+++ RECORDS +++

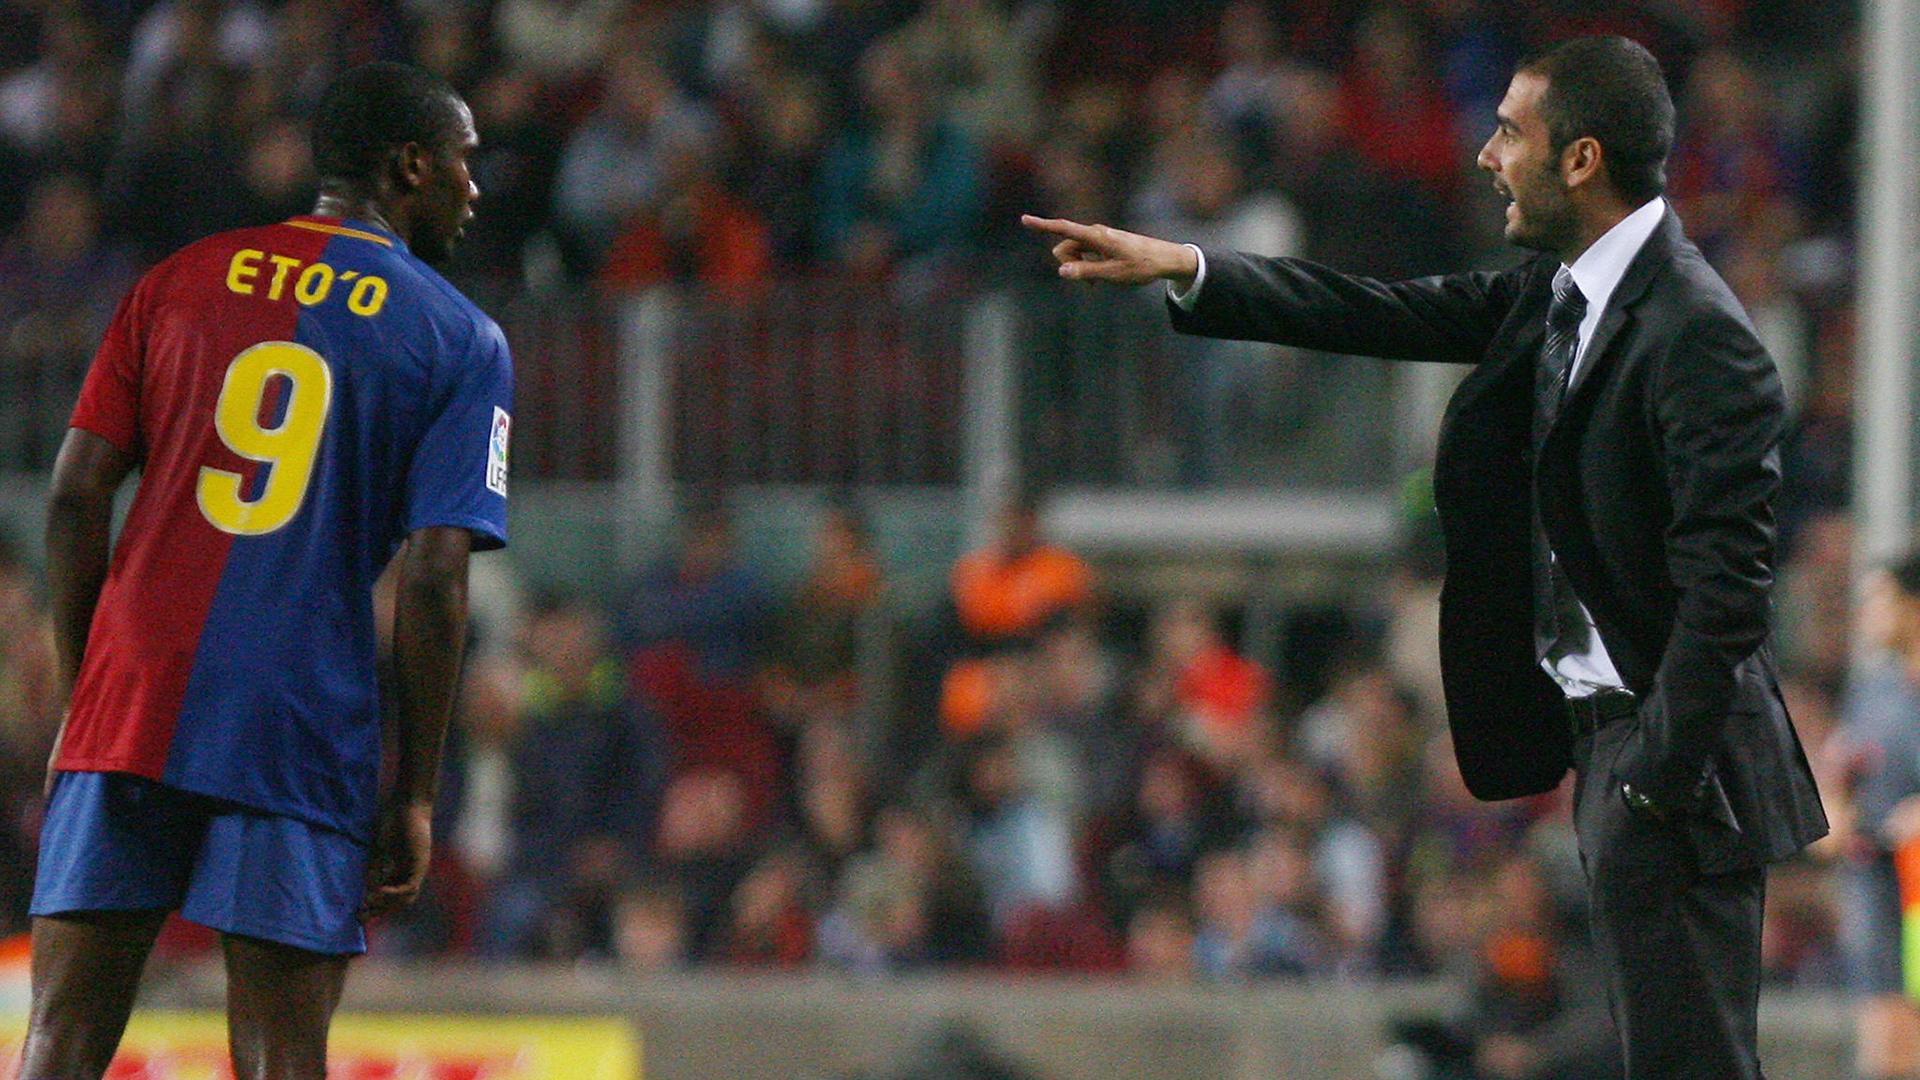 Pep Guardiola Samuel Eto'o Barcelona
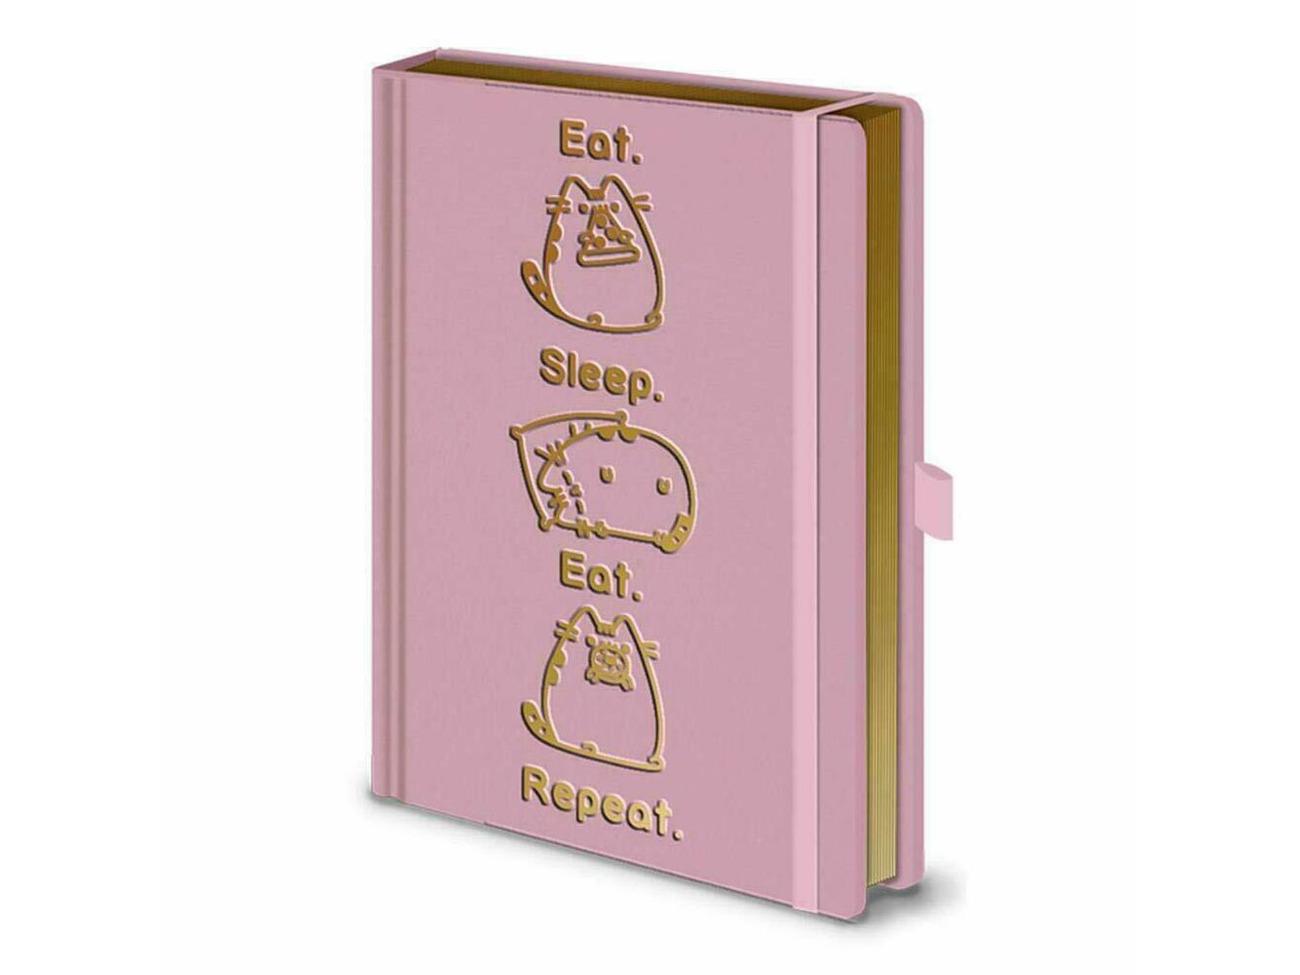 Sleeping Pusheen Pusheen Mini Vinyl
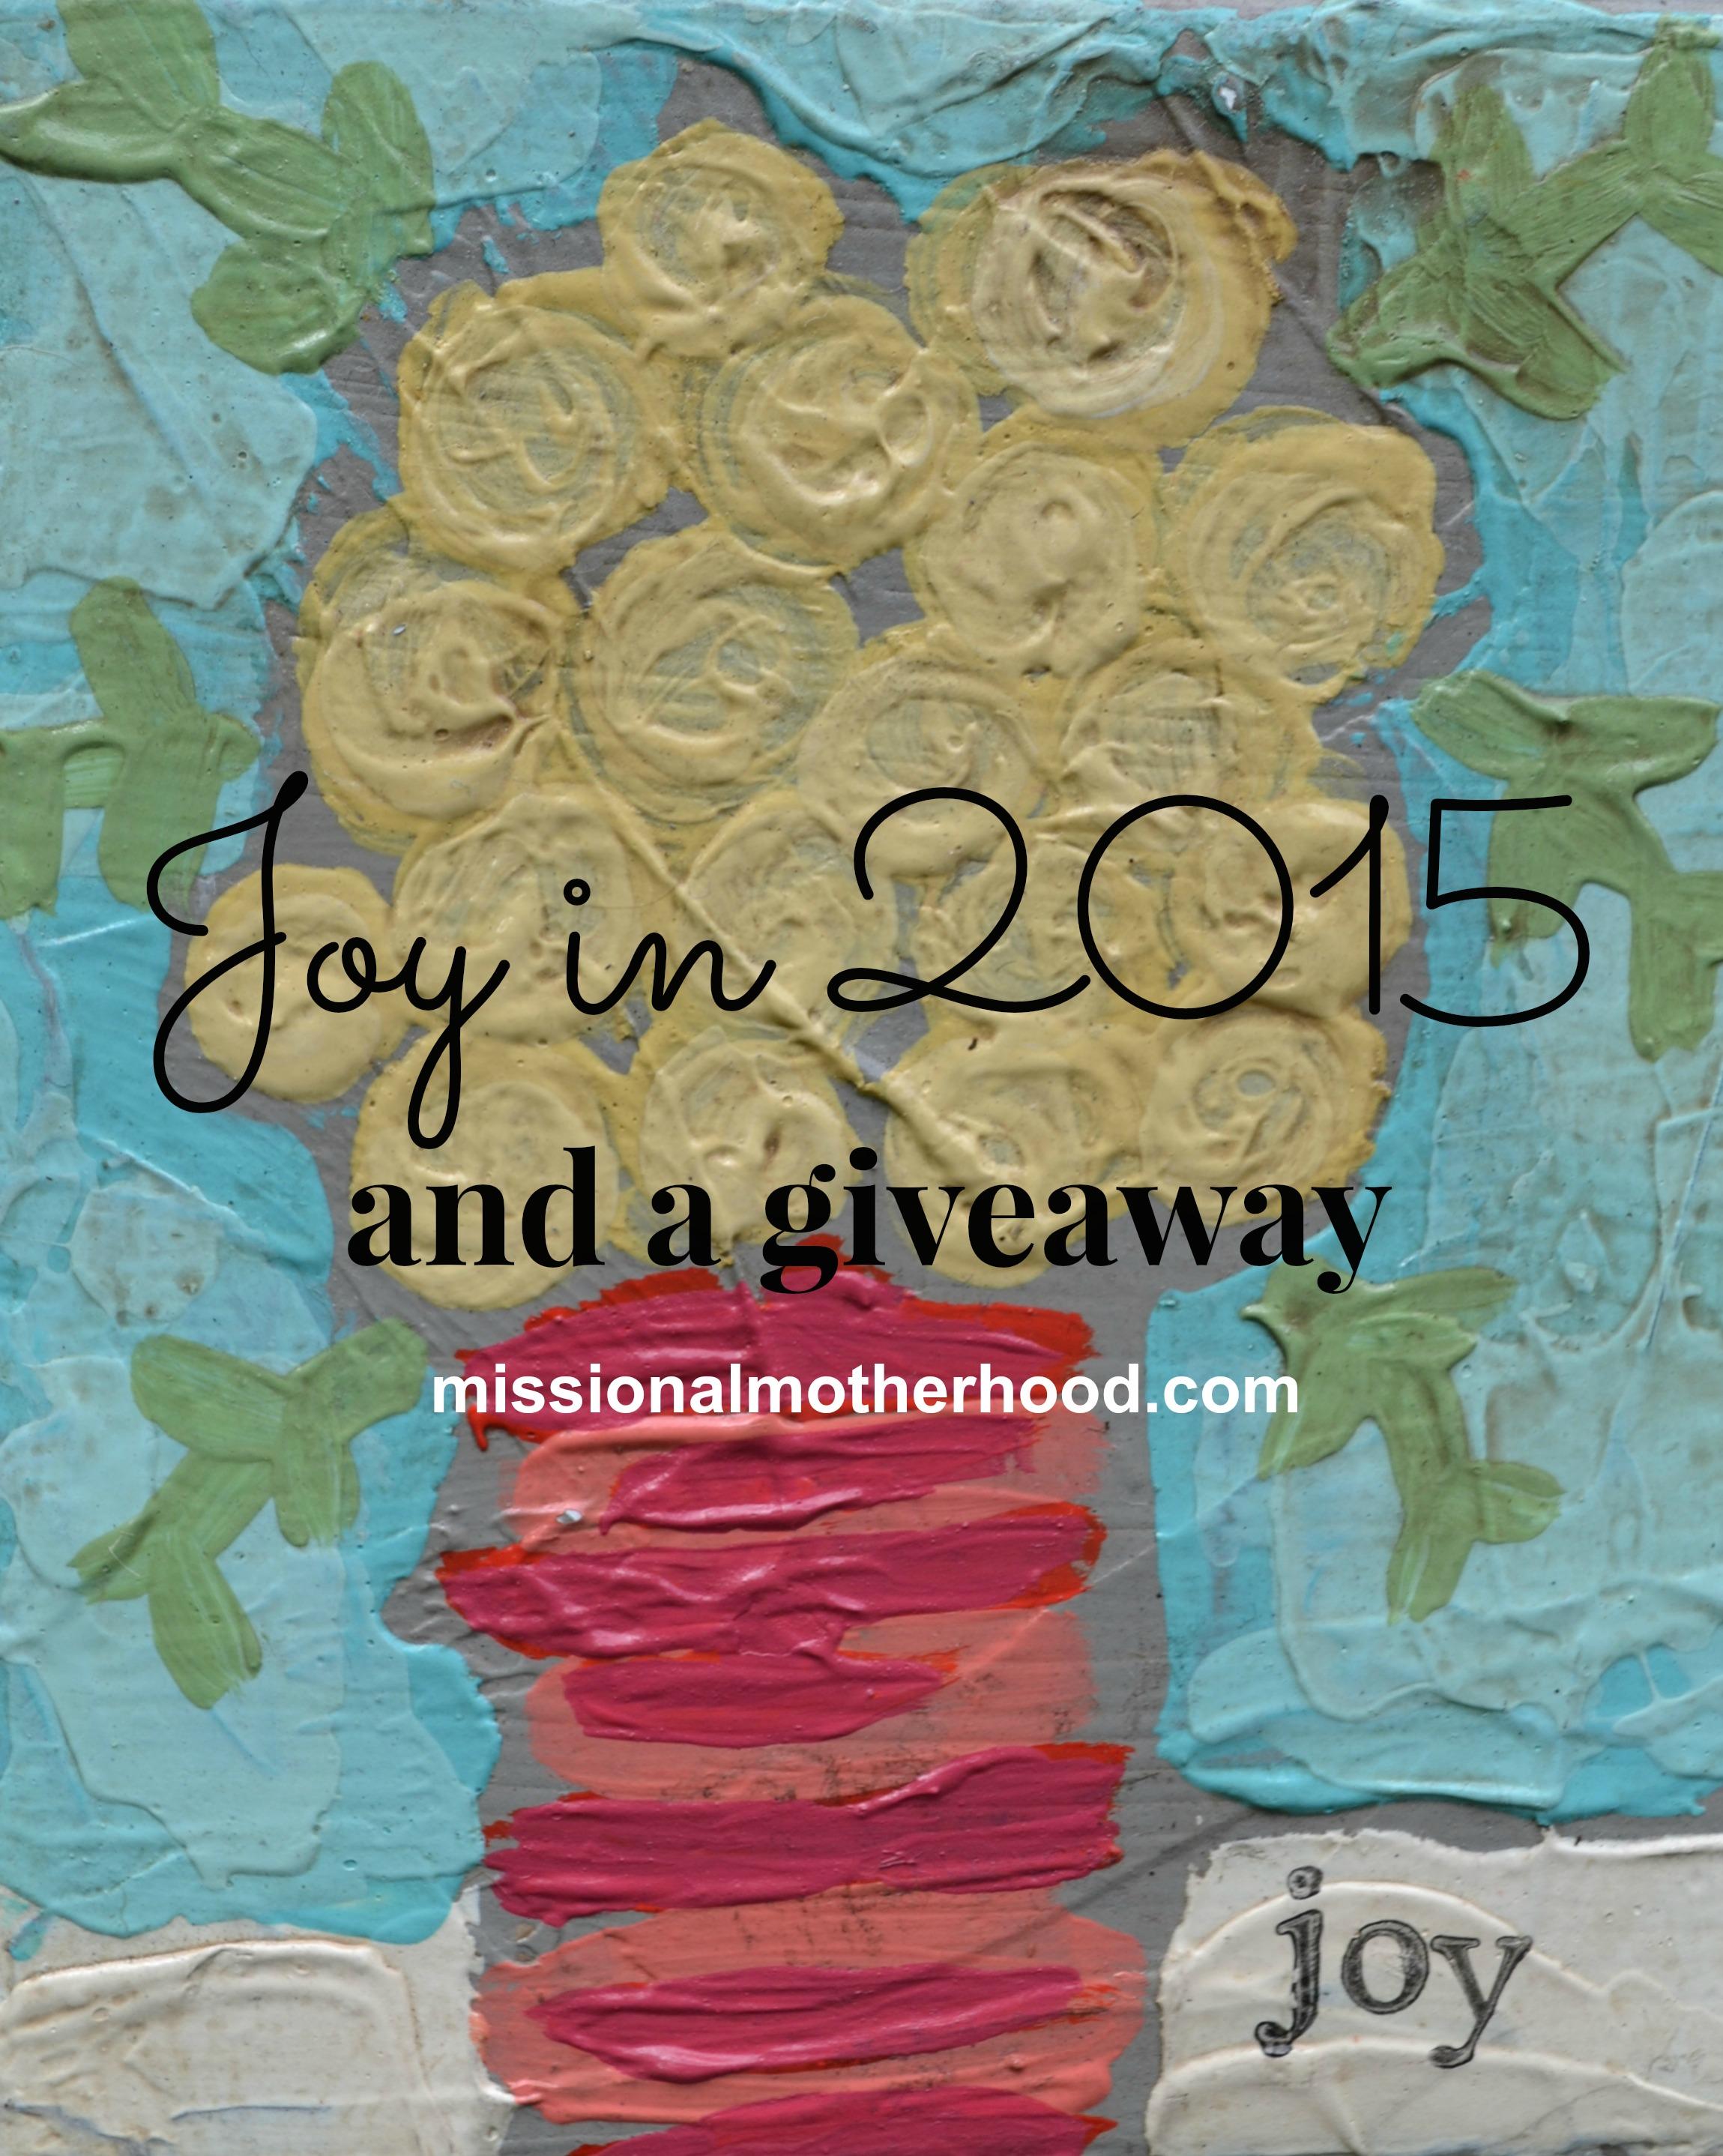 Joy in 2015
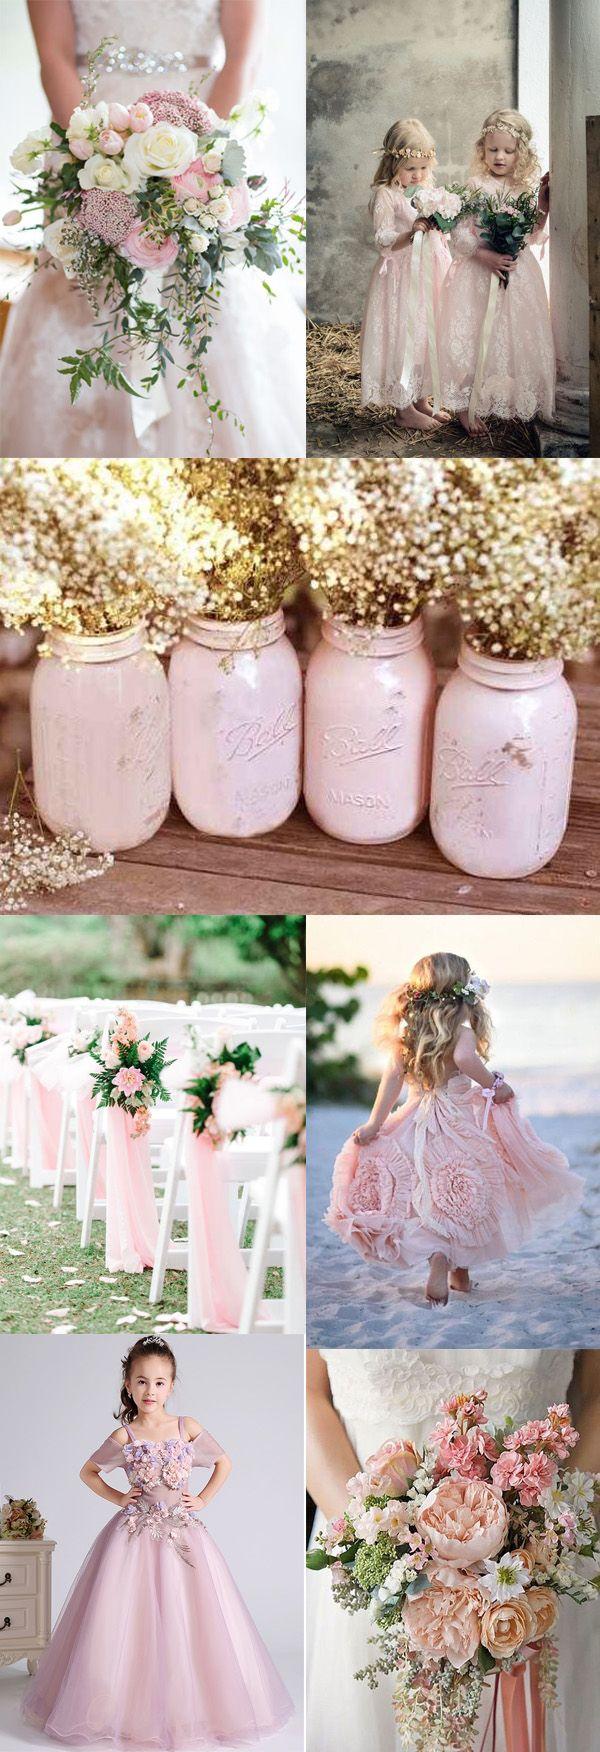 Material:Tulle Embellishments:Flowers  #flowergirl #dress #wedding #weddingdress #pink #weddingbouquet
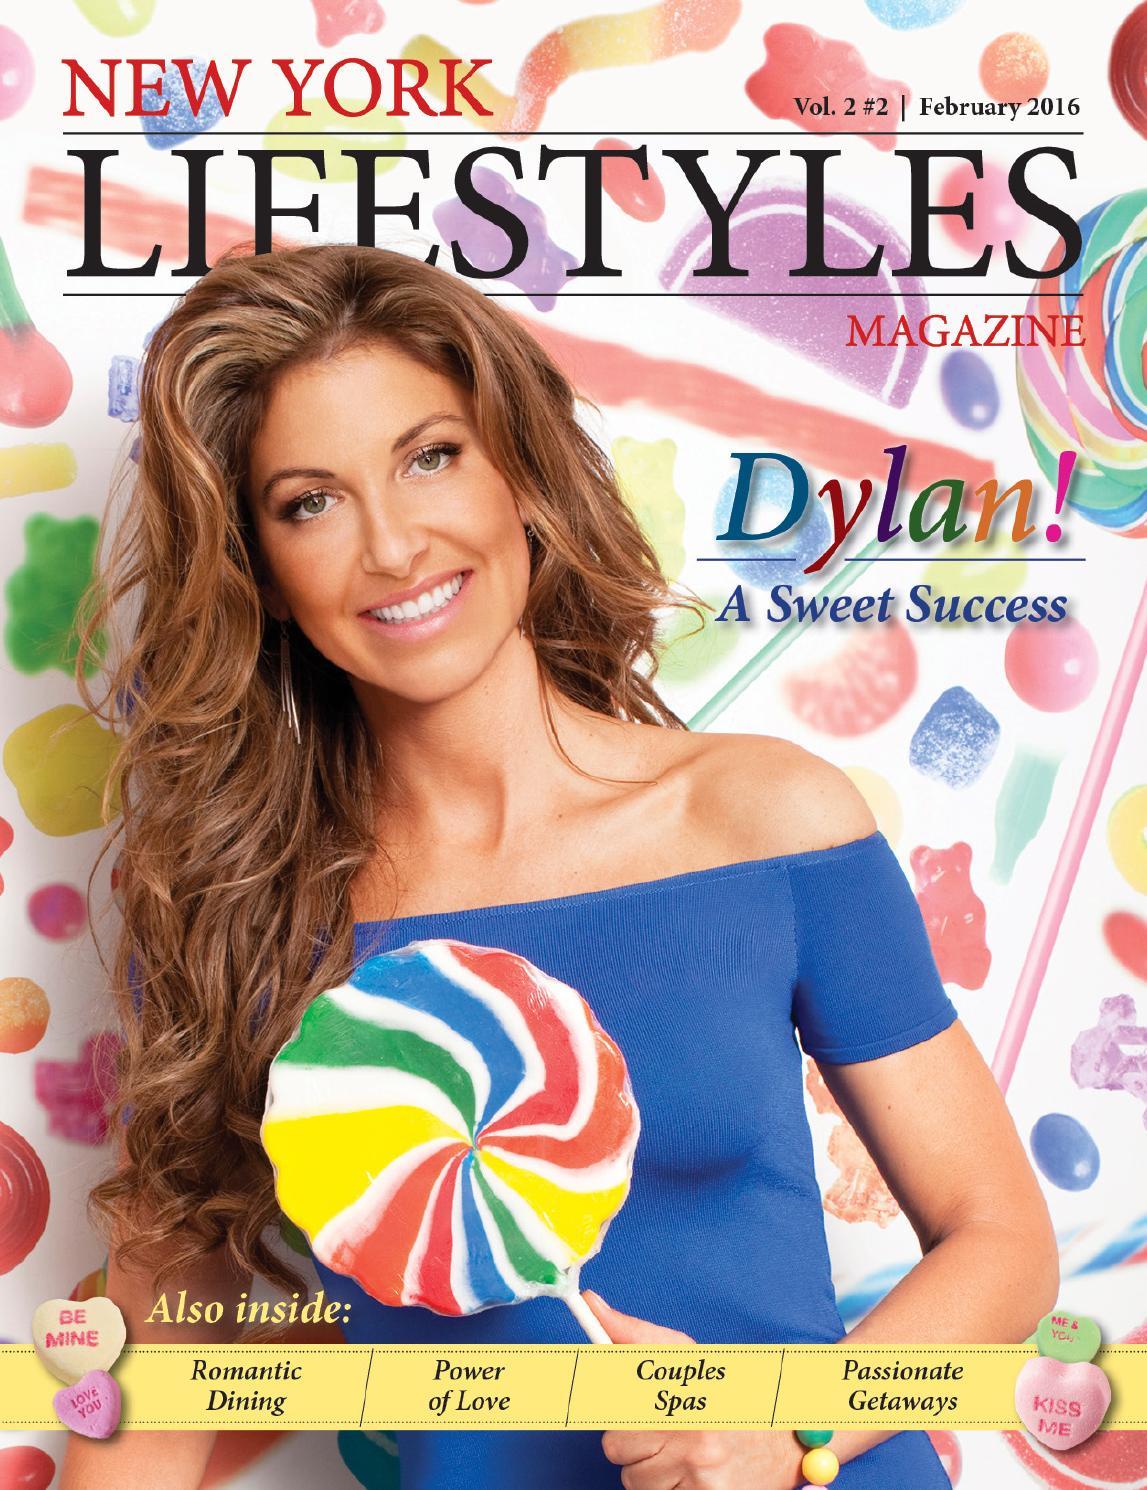 a0b33df583f New York Lifestyles Magazine - February 2016 by New York Lifestyles  Magazine - issuu

+++

• _WORK REQUIRED_: Given the listing above, return exactly, and only, the lines from the line with "Sleeping Pusheen Pusheen Mini Vinyl" through its final line, both included, with the pictures removed.

• _ANSWER AREA_:
 Sleeping Pusheen Pusheen Mini Vinyl
 Joy in 2015
 Material:Tulle Embellishments:Flowers  #flowergirl #dress #wedding #weddingdress #pink #weddingbouquet
 a0b33df583f New York Lifestyles Magazine - February 2016 by New York Lifestyles  Magazine - issuu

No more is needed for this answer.